National Inventors Hall of Fame announces 2016 inductees
"I was so humbled when I found out. I did not believe it, because this is such a great honor," 2016 inductee Victor B. Lawrence told CBS News. "For me, this is something that I was really not expecting, it is really a big honor for me."
While Lawrence himself might not necessarily be a household name, his invention of signal processing in telecommunications has had far-reaching impact. An electrical engineer who spent the majority of his career at Bell Laboratories, Lawrence's work essentially made the modern Internet we know today possible. He improved Internet transmission, made high-speed connections more widely available, and kick-started the spread of the web globally.
"This work that I've done has really filtered almost every aspect of our modern lives. You can find it in communications in DSL, in phones, in EKG machines in medicine - it really infiltrates all aspects of our lives," he said.

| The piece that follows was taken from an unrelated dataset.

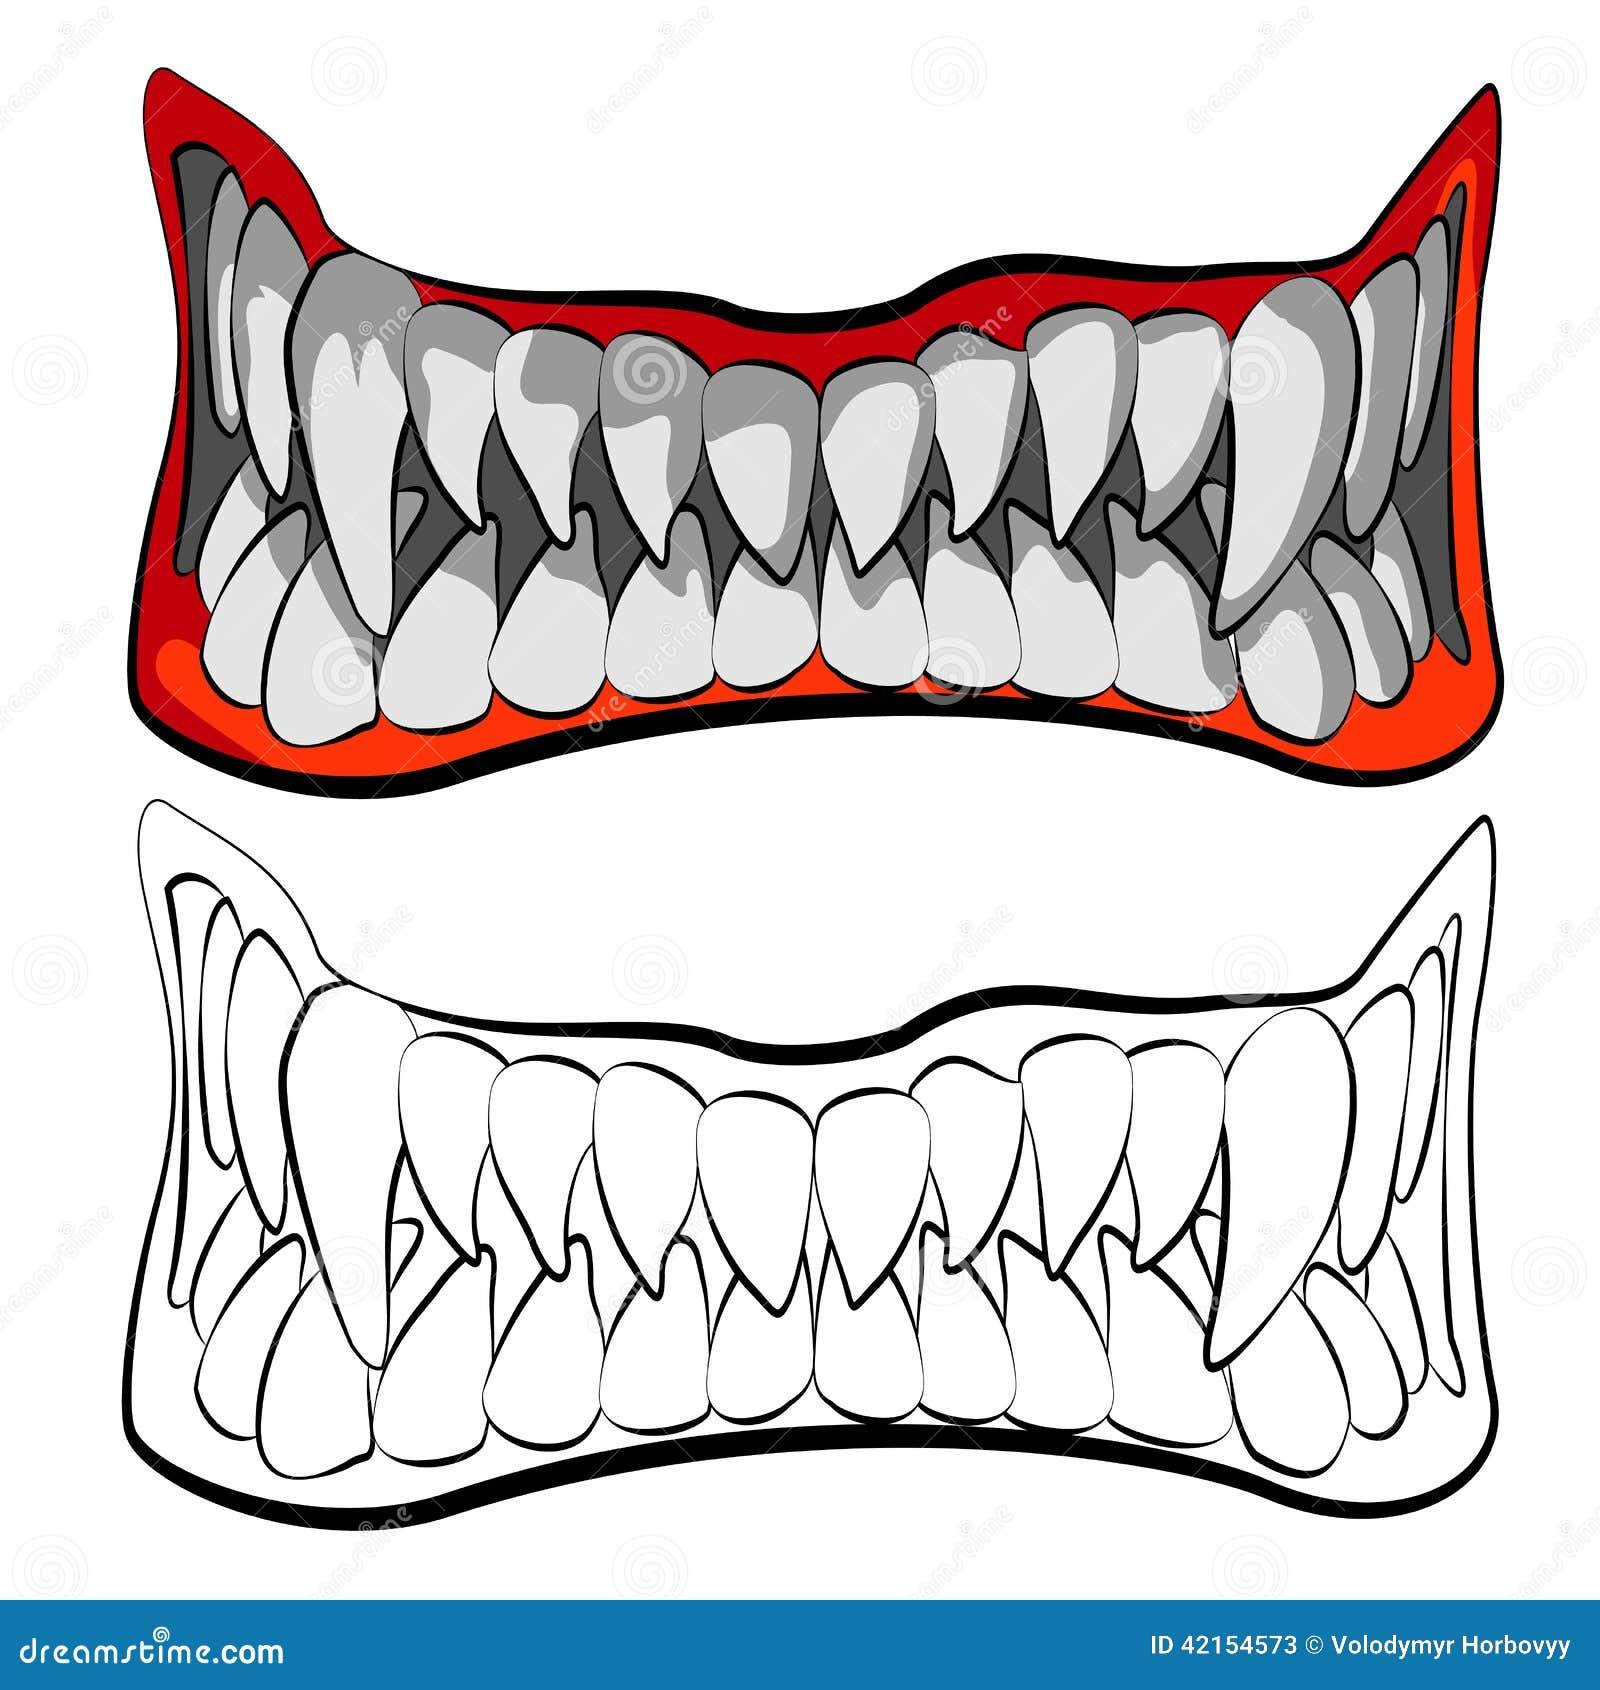 The jaws stock vector. Image of danger, closeup, dental ...
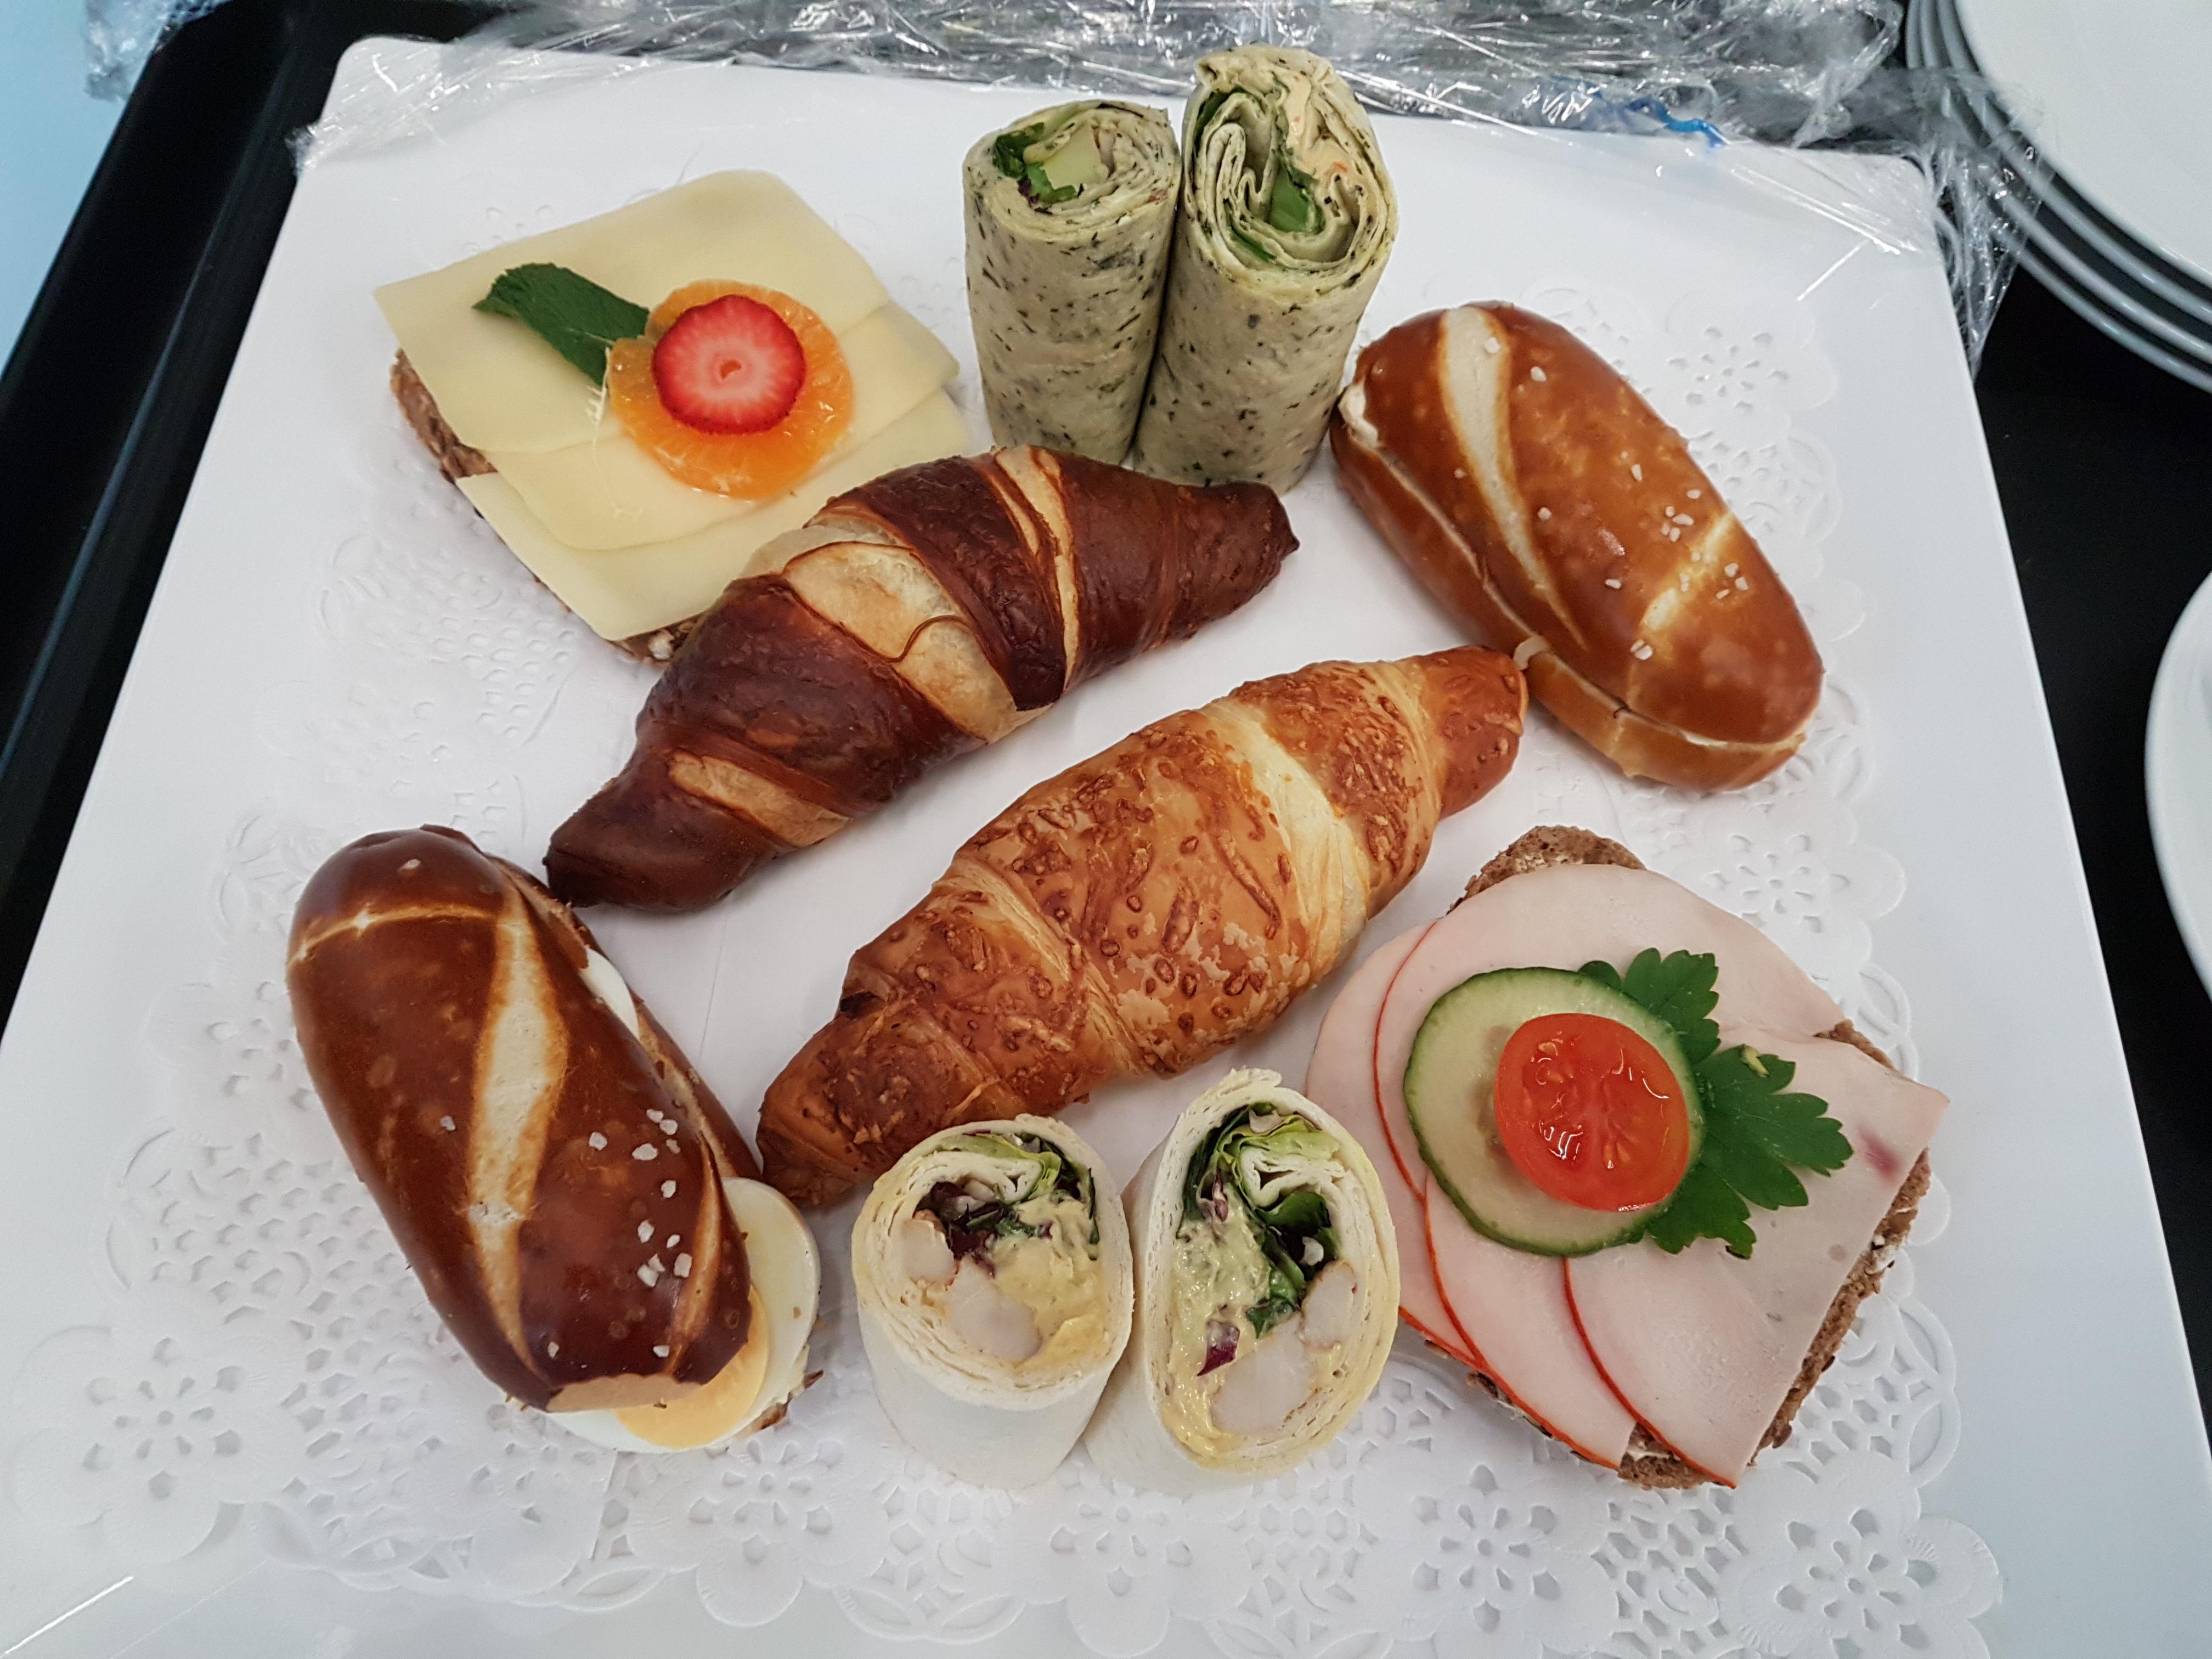 https://foodloader.net/Holz_2020-02-25_Snacks.jpg

Lawrence was born in Ghana, and said that one of his driving passions right now is to bring Internet access to the world's developing countries. He has been instrumental in trying to extend high-capacity fiber optic cable along Africa's west coast.
"I have this passion of brining the Internet to the far off nations of this world, and connect a number of countries that have no or limited Internet access," he said.
Lawrence developed his signature achievement in the 1980s as the world started moving away from data transmissions bogged down by masses of wires and cords to a more wireless future. After completing his PhD from the University of London, he was recruited by AT&T with the aim of finding ways, he said, "we could go from the analog world to the digital world."